For iPhone and Mac, any app that supports local GGUF inference can load Tiny Aya. At 3.35B parameters, it should run comfortably on iPhone 15 Pro and later and on any Apple Silicon Mac. If you are new to finding and loading GGUF models, our guide to searching for GGUF models on Hugging Face covers the full process.

The model was released under open weights — free to use and modify. Cohere is also releasing the training and evaluation datasets on Hugging Face and plans to publish a full technical report.

Who Should Use Tiny Aya?

Tiny Aya is not a general-purpose replacement for Gemma 3 or Qwen 3. For English-centric work, coding, or long-context tasks, those models remain the better choice. For a broader look at what is worth running locally right now, see our comparison of the best local LLMs for iPhone and Mac.

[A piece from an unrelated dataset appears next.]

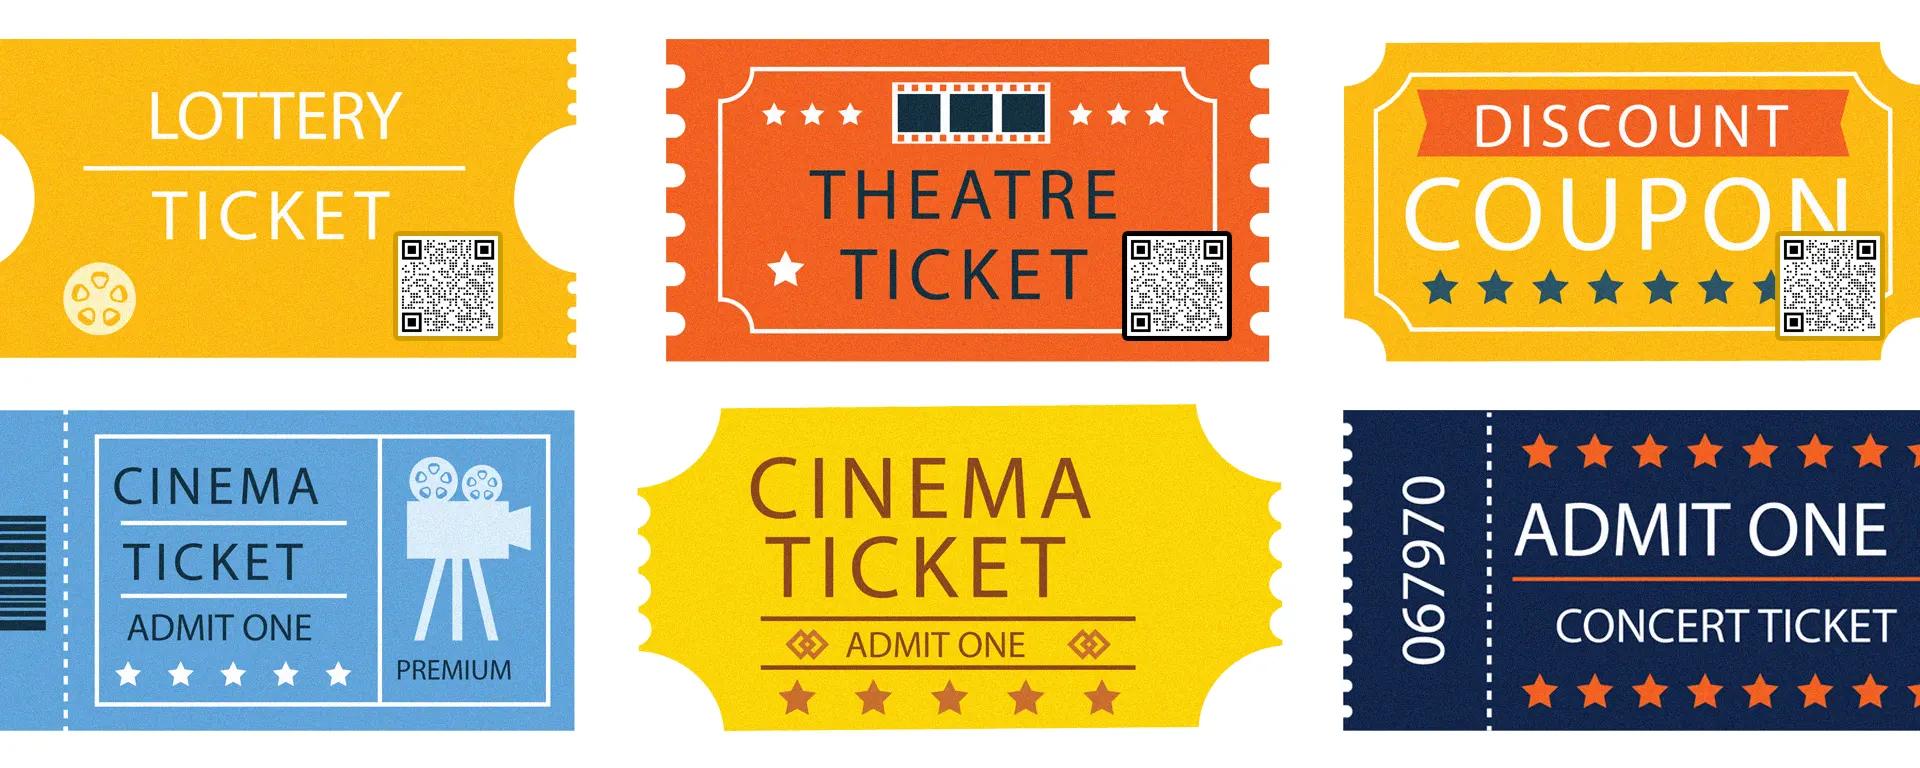 qr codes on tickets

Tiny Aya earns a download if any of these apply to you:

You work across multiple languages and want one local model to handle all of them
Your users speak South Asian, African, or Southeast Asian languages that other small models handle poorly
You are building an offline-capable app for a multilingual audience
You need a private, on-device translation engine that keeps text off a server

The use cases are practical and specific: a health worker in rural India needing real-time translation between Tamil and Hindi, a researcher analyzing Yoruba-language documents offline, a developer building a voice assistant in Urdu that cannot depend on a stable internet connection. These are the gaps that frontier cloud models technically cover but practically do not — because the latency, cost, and data sovereignty requirements make cloud inference unsuitable for the edge.

The Bottom Line

Tiny Aya makes a credible argument that multilingual AI does not need to be a frontier-scale problem. A 3.35B model, trained on a single 64-GPU cluster, beats 4B-parameter competitors across the majority of translation benchmarks — because the team focused on the right problem: tokenizer design, data curation for underserved languages, and on-device efficiency.

The GGUF versions are on Hugging Face today. If you work in multiple languages or build for multilingual audiences, this is the strongest locally-runnable option available at its parameter size — and at 32 tokens per second on an iPhone, it is fast enough to actually use.